Yes, this is definitely the risk we take.
Agreed. My hope (and I wish there were examples to follow) is that we will find ways to uphold the CoC and effectively keep the SecureDrop Community safe without adding an administrative layer like membership. It would make the community less horizontal.
Right now the SecureDrop Community has no structure and all members are on the same footing. Some members have control over centralized resources such as the securedrop.club domain name or the infrastructure: they are identified and belong to different organizations. The absence of structure makes the SecureDrop Community horizontal but maybe there is a better word for it. Tor is horizontal because it has only a few organizational levels. How should we call a community that has no organizational level?
I believe preserving the absence of organizational levels has merits: (with a few examples from my own experience)
- Volunteers are empowered. I did not need ask for permission to organize a SecureDrop booth at FOSDEM or to setup the localization infrastructure based on weblate.
- Divergence of opinions create diversity instead of dissent. In my opinion simplifying SecureDrop is best served by providing a simpler, upgradable system and the Qube workstation comes second. FPF has a different opinion and the two projects co-exist.
- The disagreement of a minority is not silenced. I’ve been a victim of rough consensus in another collective of sysadmins who wanted to use a stackoverflow equivalent to assist voting IRL (and yes, it did not work and was a waste of energy).
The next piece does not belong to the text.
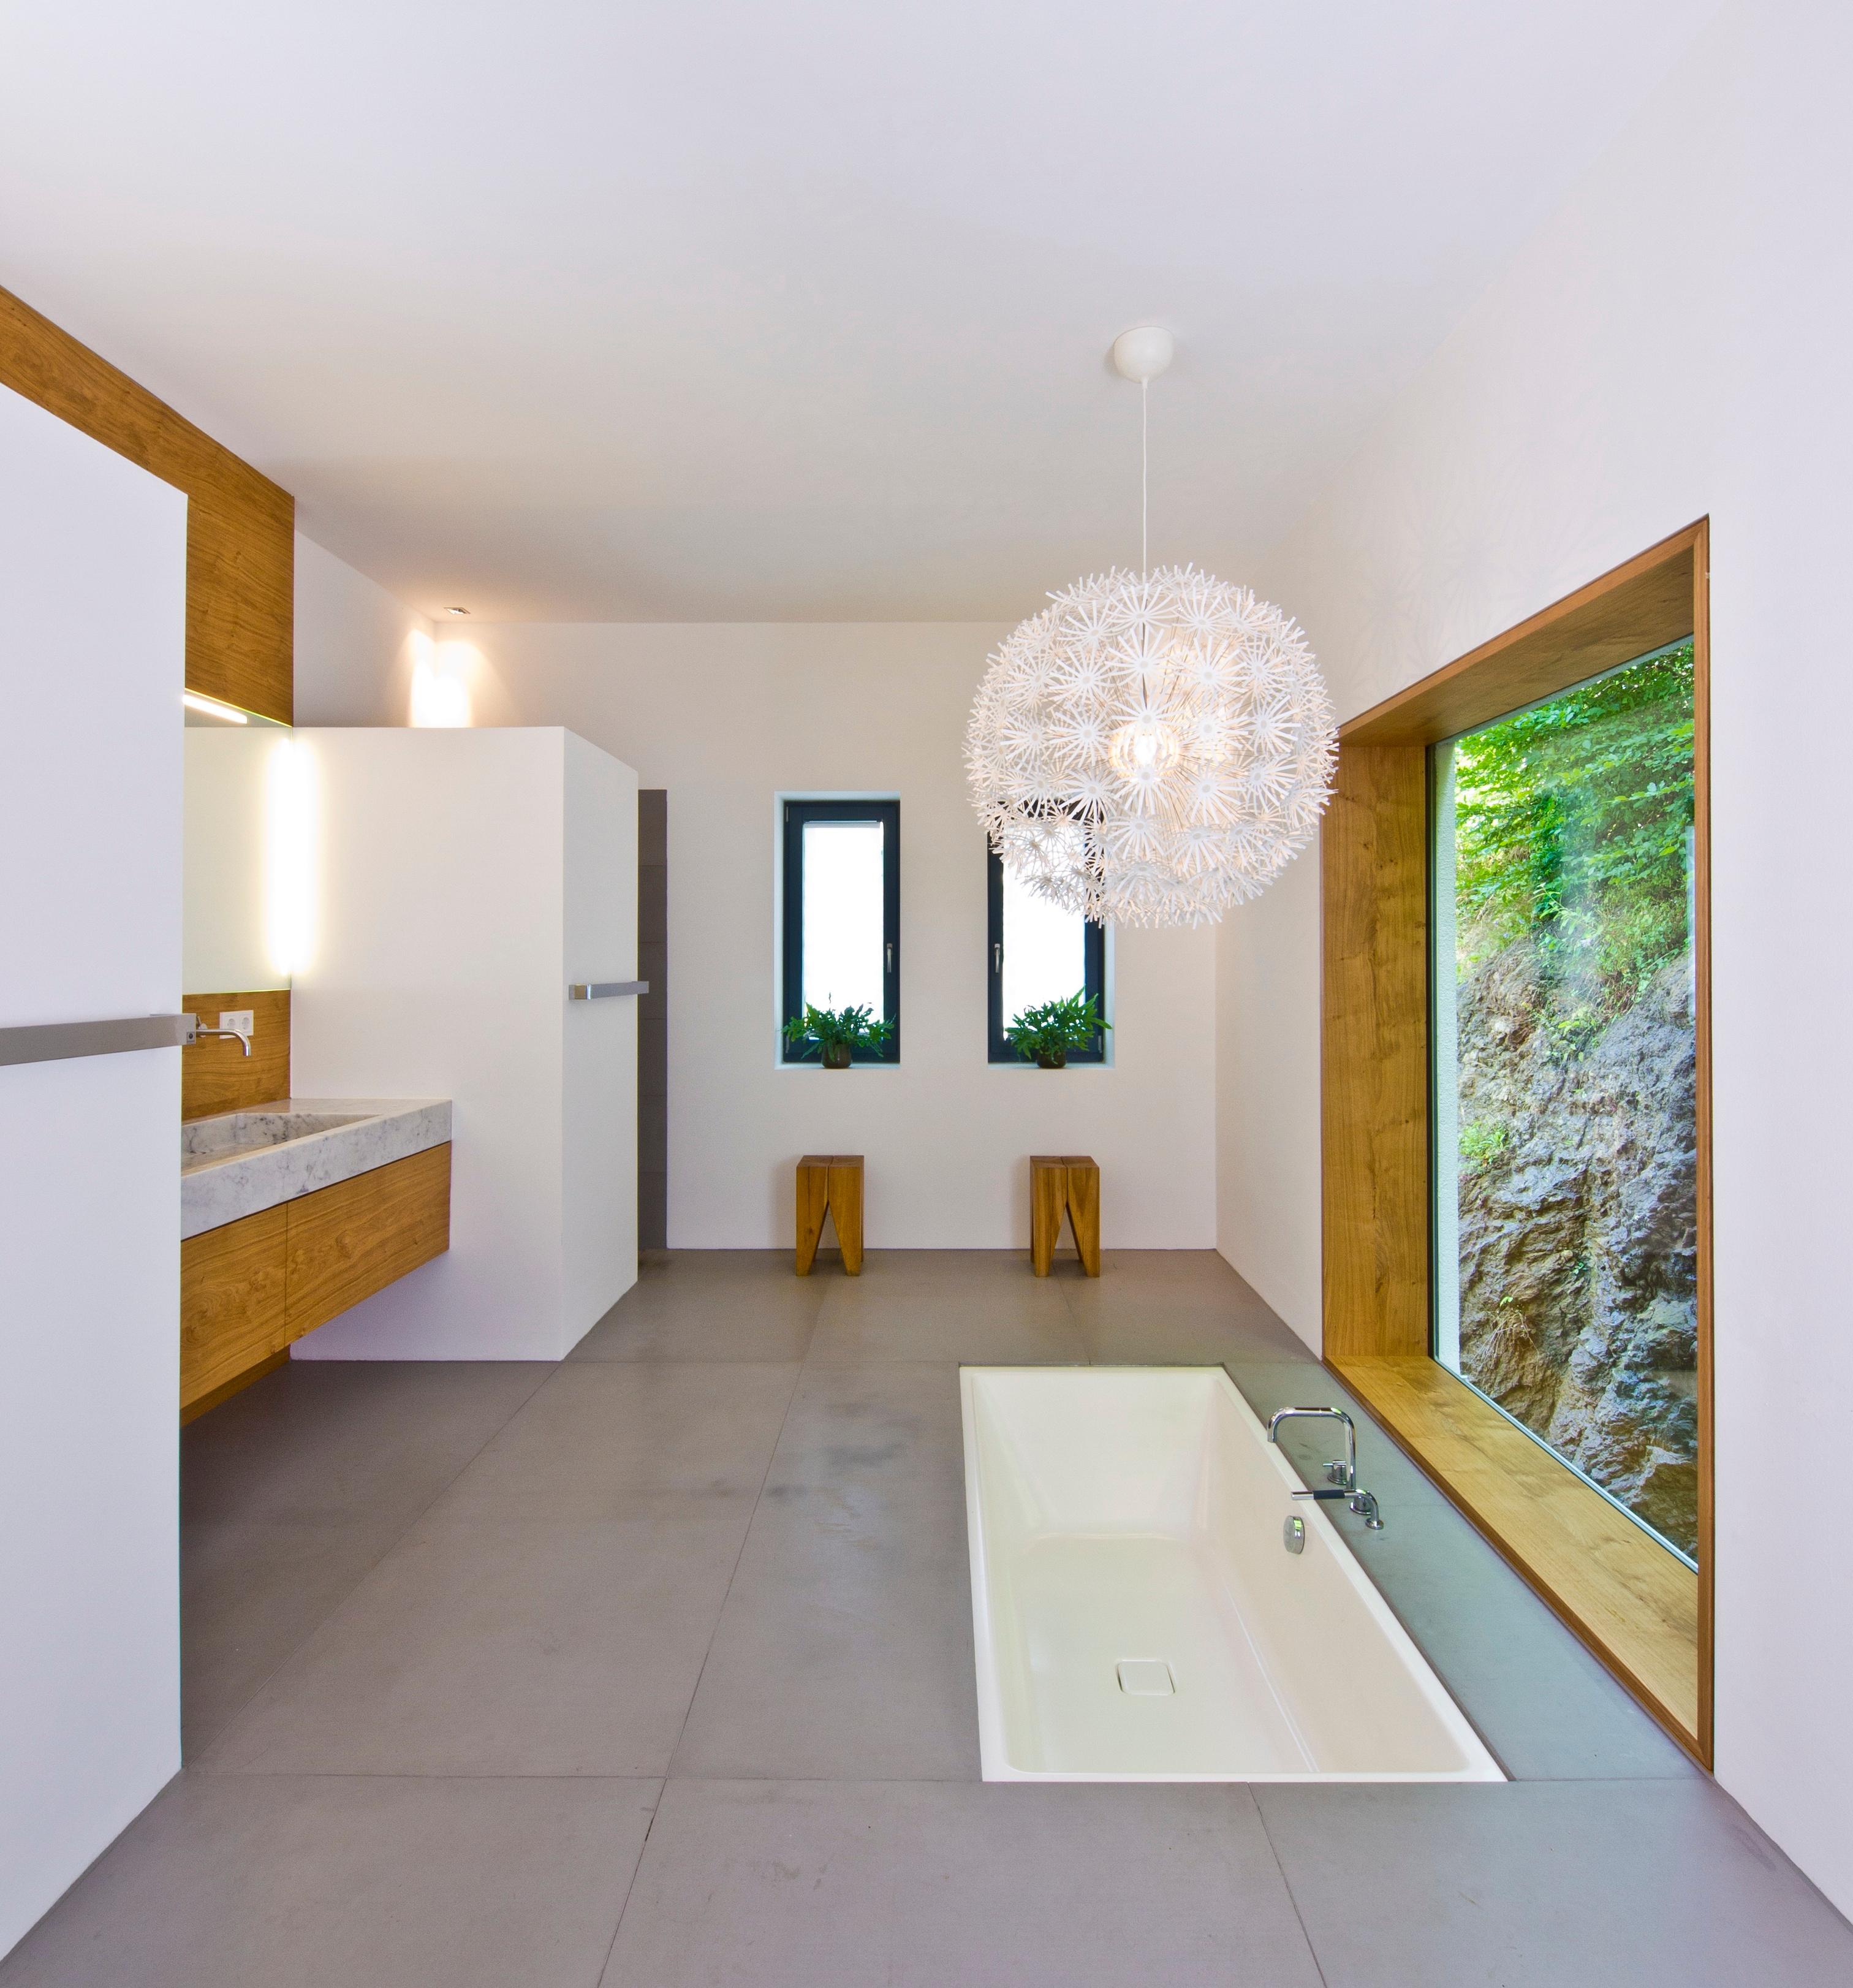 Haus Weitblick #bad #badewanne #waschbecken #badsanierung #panoramafenster ©Baufritz GmbH & Co. KG

Allowing one person to block consensus is an effective mechanism against nonsense.
- No personification of the project. As soon as there is an upper level in the organization, their members impersonate the project. I do not want to be less of a member of the SecureDrop Community because I do not belong to the higher spheres.
- Transparency. There are no private lists, private meetings, all is in the open. There is one exception: the transcripts of investigative journalists interviews for obvious privacy reasons.
- Forkability. Eventually a group of community members will want to go their separate ways and they will not need to re-implement or re-invent a structure.